La Seyne-sur-Mer

► Portes ouvertes chez les conchyliculteurs de Tamaris.- Il y a deux mois, la baie de Tamaris a connu une situation exceptionnelle et inédite avec une contamination au norovirus intervenue dans un contexte de concordance de phénomènes exceptionnels (fort pic de gastro-entérites hivernales et un épisode pluvieux intense). Bien que ce risque intervienne essentiellement en hiver, les conchyliculteurs de Tamaris renforcent désormais leur dispositif de vigilance, avec des actions concrètes menées directement dans leurs exploitations : suivi des épidémies de gastro-entérites via le réseau Sentinelles, surveillance des épisodes météo intenses et renforcement des auto-contrôles sur les coquillages.
La période trouble est passée et afin de renouer le lien avec leur clientèle, d’ouvrir en toute transparence leurs exploitations et partager leur amour de la mer, les conchyliculteurs de Tamaris proposent de redécouvrir leur savoir-faire ce week-end. Samedi et dimanche, de 10h à 14h, ils seront présents dans leurs Mas pour faire découvrir leur métier et partager leur travail autour des coquillages. Les visiteurs pourront déguster sur place les coquillages en compagnie des conchyliculteurs. Assiette de 6 huîtres – 12 €
Les conchyliculteurs de Tamaris : Aqua Seb Production (Sébastien Pasta), Coquillages du Sud (Martial Hourdequin), Coquillages Giol (Jean-Christophe Giol), Coquillages Gagnot (Julien Gagnot), L’Authentik de Tamaris (Yannick Le Corre), les Loups d’Or (Jérémy Vantouroux), Pierre et le Loup (Pierre Balmitgere et Benoît Verron).

Marseille

Boca Boissons et Jero Wines participeront au Sirha Méditerranée 2026, qui se tiendra du 15 au 17 mars au parc Chanot à Marseille. Les deux entreprises disposeront d’un espace d’exposition de 48 m², pensé pour accueillir les visiteurs dans un cadre convivial et propice aux échanges.
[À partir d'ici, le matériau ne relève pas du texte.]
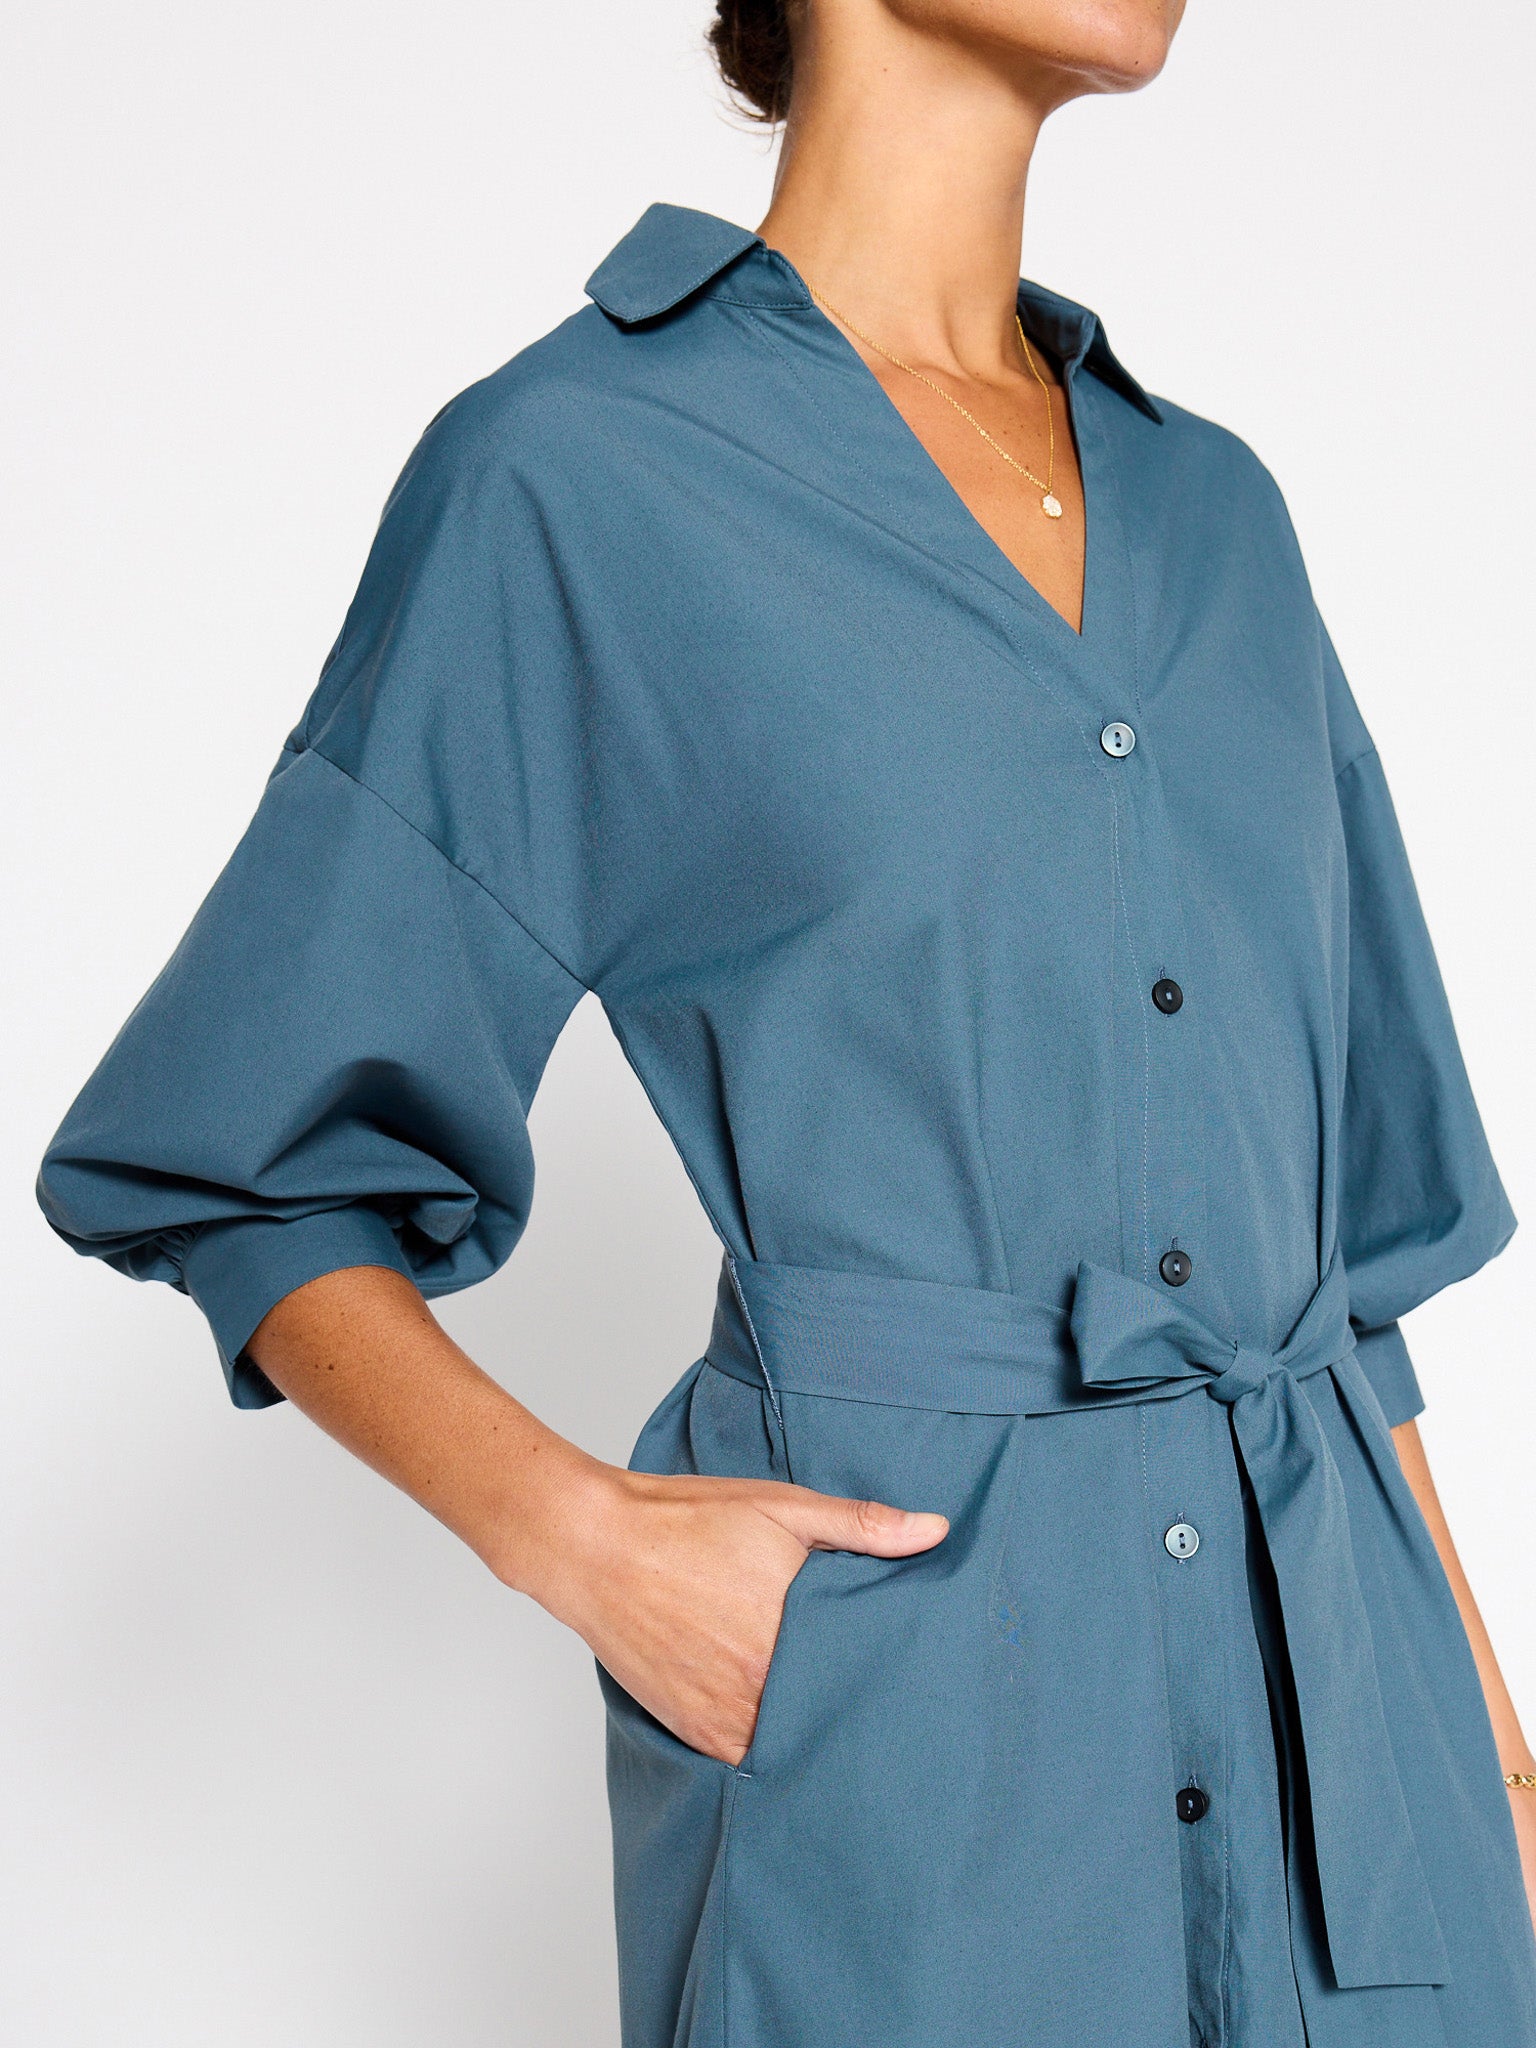 Kate belted button up mini dress blue gray close up

Cet espace permettra de mettre en avant une sélection de vins et spiritueux, tout en offrant aux visiteurs l’opportunité de découvrir de nouvelles références. Les visiteurs pourront également profiter de déjeuners animés par des chefs reconnus, venant accompagner les dégustations et enrichir les échanges avec les prospects et clients présents sur le stand. Ces moments conviviaux permettront de favoriser les rencontres et de valoriser les vins et spiritueux présentés. À travers cette présence au salon, les deux entreprises souhaitent mettre en lumière leurs partenaires et valoriser les domaines sélectionnés, dans un environnement professionnel à la fois qualitatif et ciblé.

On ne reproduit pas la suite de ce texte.